»»»»
Dava hanya bisa menatap Aqila yang berjalan menjauhinya dalam diam. Aqila akan pergi ke Jepang hari ini, dan itu sudah membuatnya sedih. Dava melangkah pergi dari bandara setelah memastikan pesawat yang di tumpangi Aqila lepas landas. Dengan langkah kaki malasnya, Dava menuju sepeda motor yang terparkir apik di parkiran bandara.
Pulang adalah keinginan Dava setelah mengantar Aqila, sebelum dia melihat mobil Cia yang tengah melaju di depannya. Dava sebenarnya takut pada Cia, takut jika Cia akan pergi selamanya dari kehidupan keluarga mereka, jika Dava ikut campur dengan urusan Cia. Namun, rasa penasaran cowok itu sudah pada batasnya. Cia sudah terlalu banyak menyembunyikan sesuatu darinya dan keluarga mereka. Dava akan mencari tau perlahan tentang adiknya yang sejak dulu selalu menyembunyikan apapun darinya.
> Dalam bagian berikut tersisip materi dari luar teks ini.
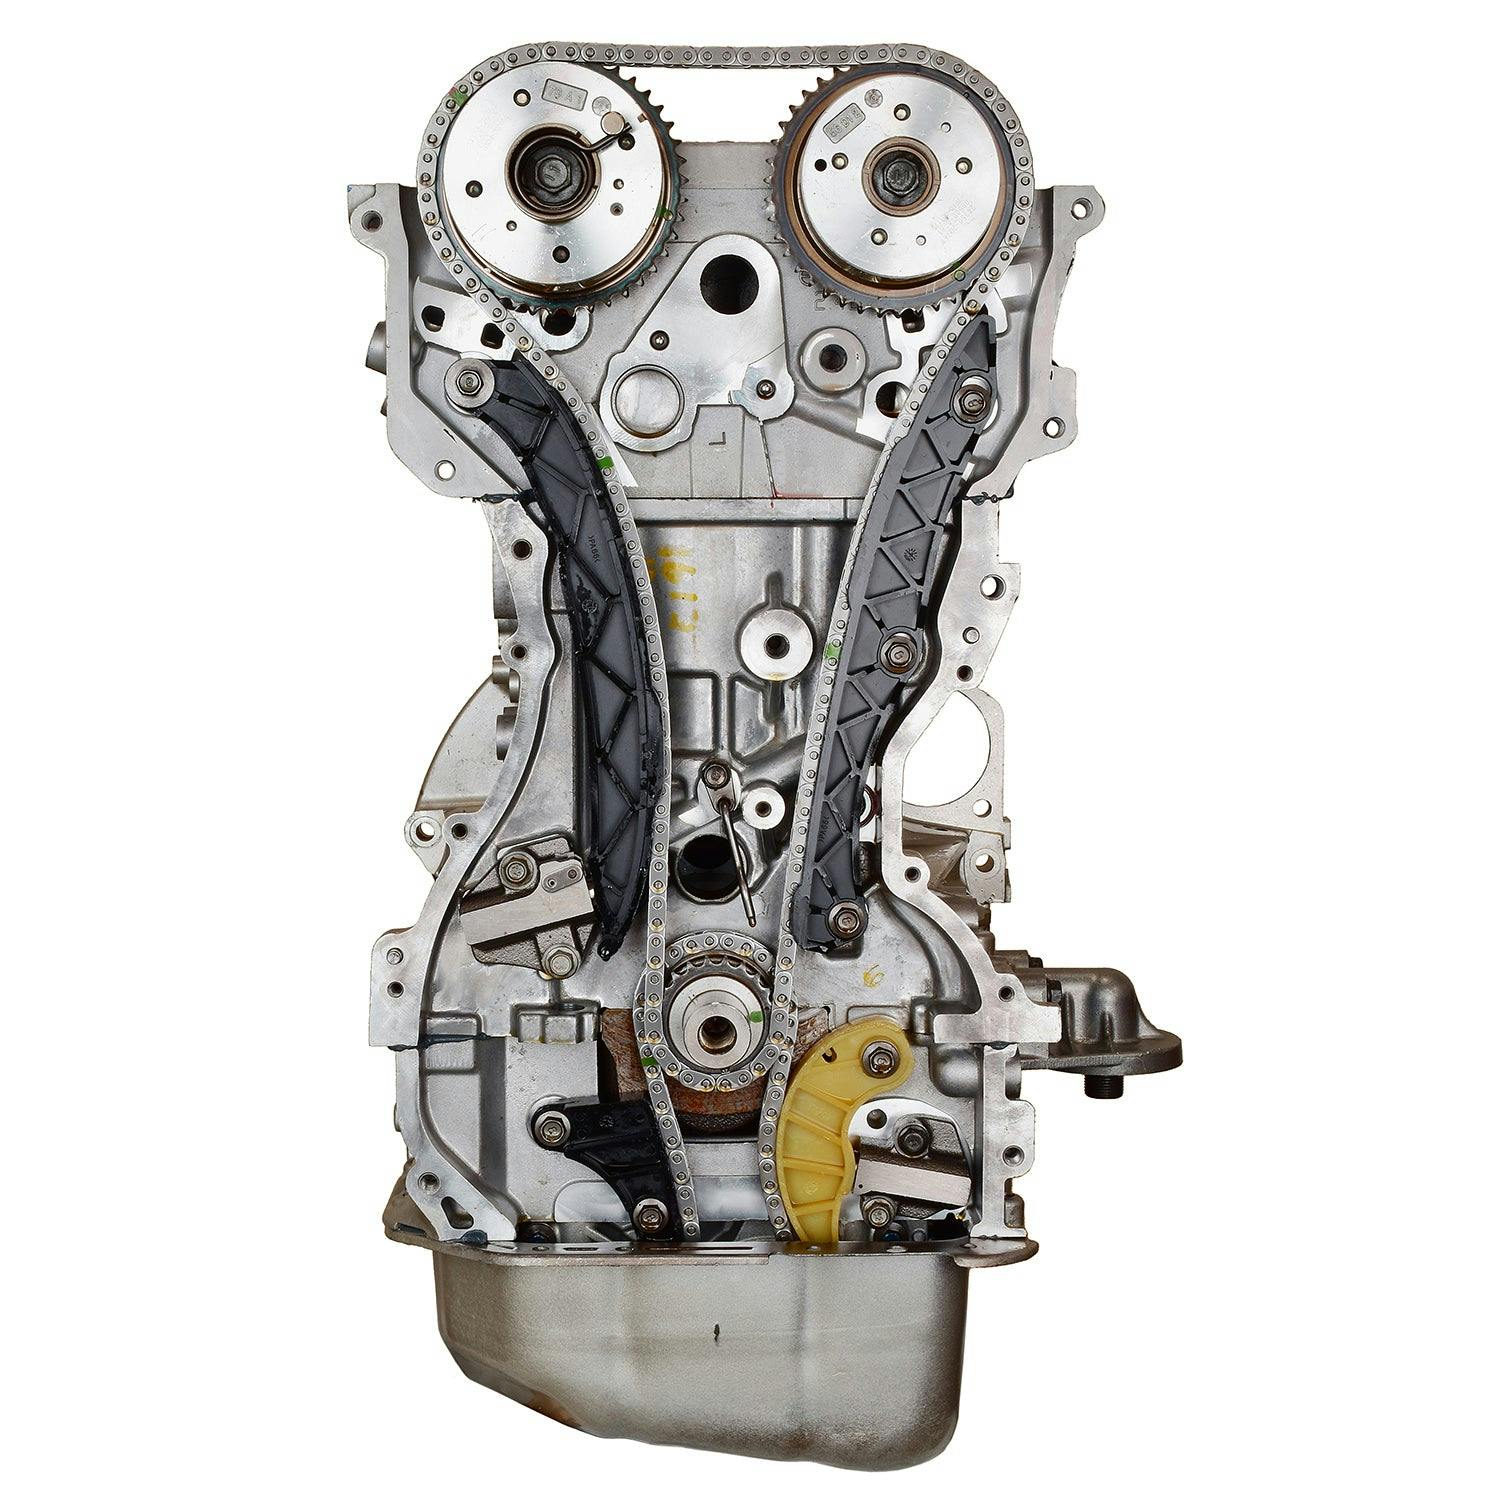 2.4L Inline-4 Engine for 2012-2016 Hyundai Santa Fe Sport, Tucson/Kia Sorento, Sportage

"Dia ngapain?" Dava menghentikan laju sepeda motornya setelah melihat mobil yang di tumpangi Cia berhenti. Dava tidak bisa mendengar obrolan Cia dengan seorang pria dewasa di hadapan Cia itu. Jarak mereka terlalu jauh, tapi Dava juga tak mungkin mendekat lebih dari itu. Tentu saja, Cia akan mengetahui keberadaannya dan dia tak akan tau apa yang akan di perbuat Cia selanjutnya.
Cia tampak berjalan di ikuti pria paruh baya itu di sampingnya. Sesekali mereka mengobrol, pria itu tampak memberikan map kepada Cia. Dava menatap bangunan yang Cia masuki. Sebuah hotel bintang lima, sebenarnya kenapa Cia bisa bersama pria paruh baya itu, dan apa yang mereka lakukan di sana?
»»»»
Cia bersalaman dengan Andaru, salah seorang pengusaha yang baru saja mengajukan kerja sama dengan Cia. Keduanya berpisah setelah pertemuan usai, Cia menatap Rudi yang berdiri tepat di sampingnya.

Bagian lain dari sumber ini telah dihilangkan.